STATE FARM MUTUAL AUTOMOBILE INSURANCE COMPANY
v.
LIETZ.
45608.
Court of Appeals of Georgia.
Argued September 16, 1970. Decided October 7, 1970.*597 Martin, Snow, Grant & Napier, Cubbedge Snow, Cubbedge Snow, Jr., for appellant.
Frank O. Evans, for appellee.
HALL, Presiding Judge.
State Farm contends that under the terms of the policy, in order for the mother's car to be a temporary substitute two things must be shown: first, that the daughter's car was withdrawn from normal use, and second, that the *598 withdrawal was because of its breakdown. It further contends that neither of these conditions was met, and as a matter of law, the mother's vehicle could not be considered a temporary substitute.

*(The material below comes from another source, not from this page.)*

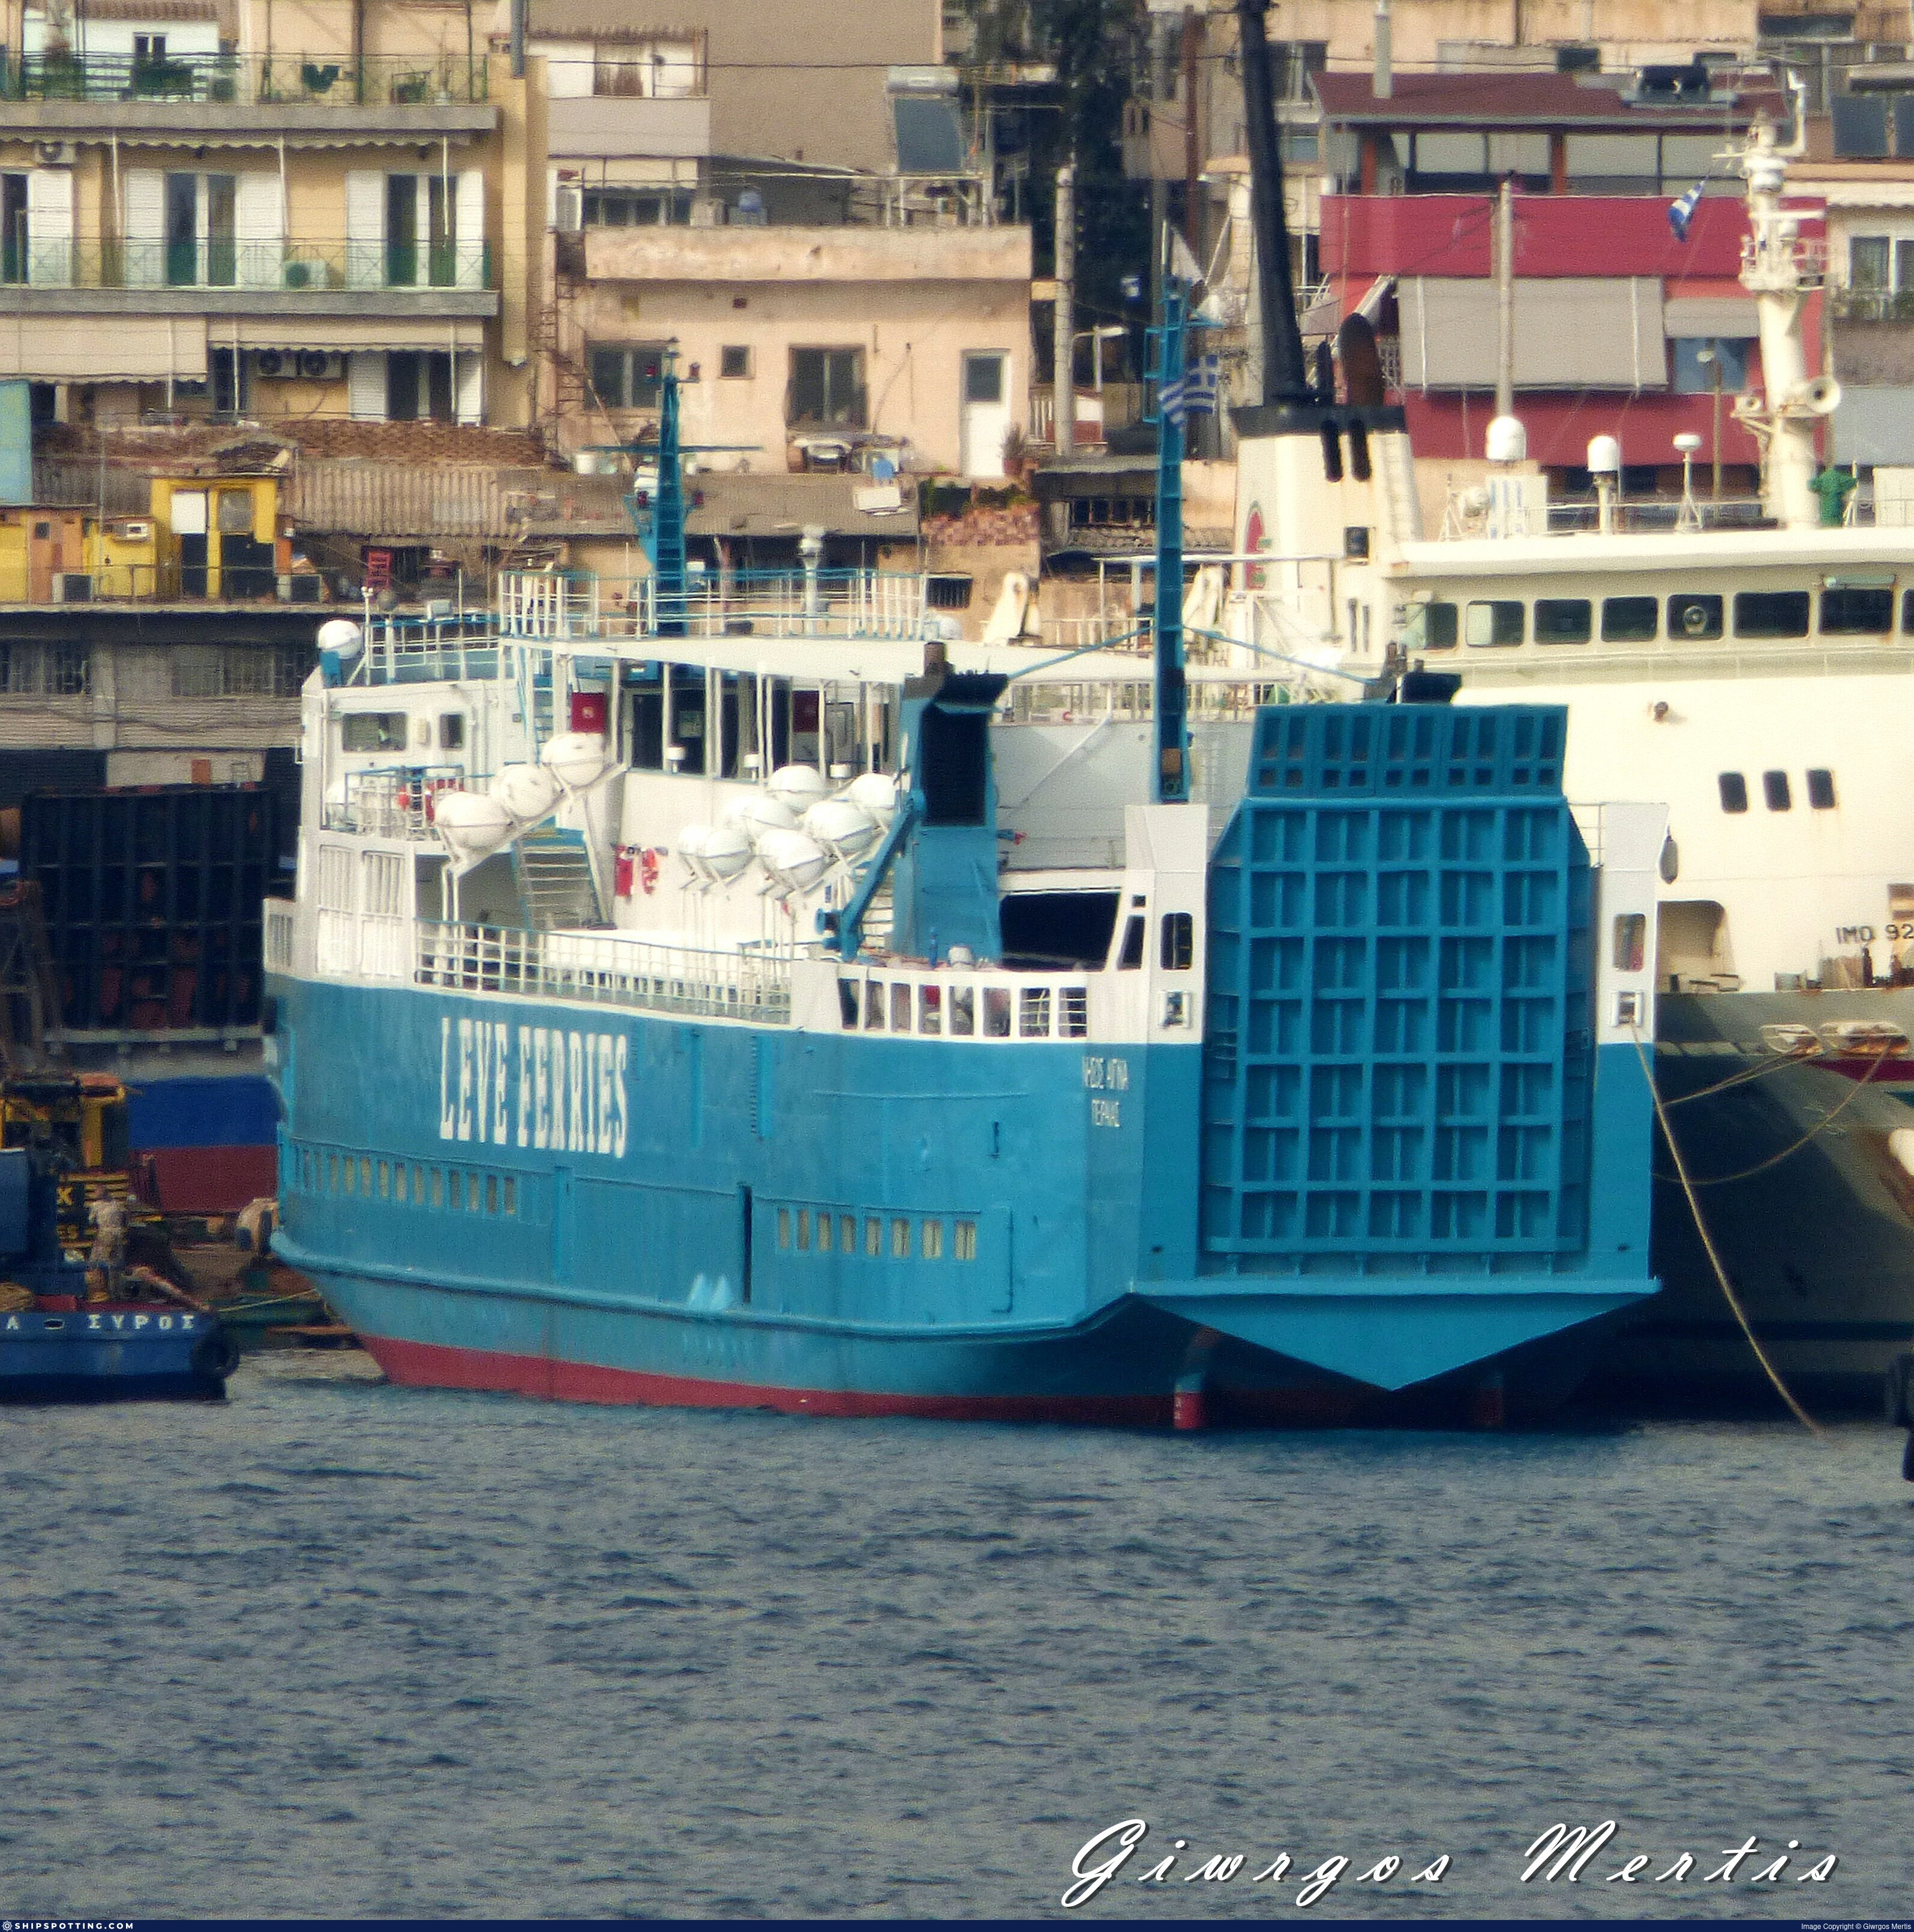 NISSOS AEGINA - IMO 7393066 - ShipSpotting.com - Ship Photos, Information,  Videos and Ship Tracker

There appears to be no Georgia case construing the phrase "withdrawn from normal use." Other jurisdictions have decided the question variously. "Withdrawal of the truck from normal use necessitated its withdrawal from all normal use." Erickson v. Genisot, 322 Mich. 303 (33 NW2d 803). See also Service Mut. Ins. Co. v. Chambers, (Texas). 289 S. W. 2d 949 and Fullilove v. U. S. Casualty Co. of N. Y., 240 La. 859 (125 S2d 389). On the other hand, several other jurisdictions allow the "disabled" automobile to be used to some extent and for some purposes during the substitution period. See Mid-Continent Cas. Co. v. West, (Okla.) 351 P. 2d 398; Canal Ins. Co. v. Paul, (Tenn.) 369 SW2d 393; Nelson v. St. Paul Mercury Ins. Co., 83 S. D. 32 (153 NW2d 397).
We cannot even determine whether there is a "majority view" on the subject, and the leading treatises on insurance express no preference. We believe the key to construction lies in the purpose of the temporary substitute provision. This court has held that "The purpose is not to defeat liability but reasonably to define coverage by limiting the risk to one operating vehicle at a time for a single premium." Hemphill v. Home Ins. Co., 121 Ga. App. 323, 333 (174 SE2d 251).
Therefore, if a vehicle is operable, the owner must take some step to preclude its use by another during the substitution period or there will be a material increase in the risk contemplated by the insurer. "If the vehicle insured can be operated, some overt act is requred to prove its withdrawal from service, although this would not necessarily require its being garaged." 7 Appleman 95, § 4293.5 citing Lewis v. Bradley, 7 Wis. 2d 586 (97 NW2d 408). There was no such act here. The daughter stated that the mother could have used the car at any time since she had both a set of keys and implied permission. The fact that the mother did not actually have occasion to go out does not alter the basic fact that the car was not withdrawn from normal use (which, in a passenger vehicle, would include local driving as well as a long trip to work) and that coverage of the risk remained on this automobile under the daughter's policy.
*599 The question of what constitutes a breakdown has received less attention, but such conditions as being low on gasoline, having on snow chains during good weather, having no hood, or being less suitable or convenient for the contemplated trip have been held not to be breakdowns. On the other hand, badly worn tires have been held to be the equivalent of the automobile's breakdown. See the collected cases in 34 ALR2d 938, 949, § 18 and Later Case Service. We believe the phrase "its breakdown" means either a condition rendering the vehicle inoperable or one which would make its use dangerous, as opposed to a breakdown of a non-essential component. Neither of these conditions was present here. The daughter's car was in good operating condition, and while the lack of a heater made it uncomfortable and inconvenient for a long trip, it certainly did not make it dangerous.
The trial court erred in finding that this car had been withdrawn from normal use because of its breakdown and in granting summary judgment of plaintiff.
The evidence demands the opposite finding: that, as a matter of law, the mother's car was not a temporary substitute as contemplated by the terms of the policy and that defendant is entitled to summary judgment.
Judgment reversed. Deen and Evans, JJ., concur.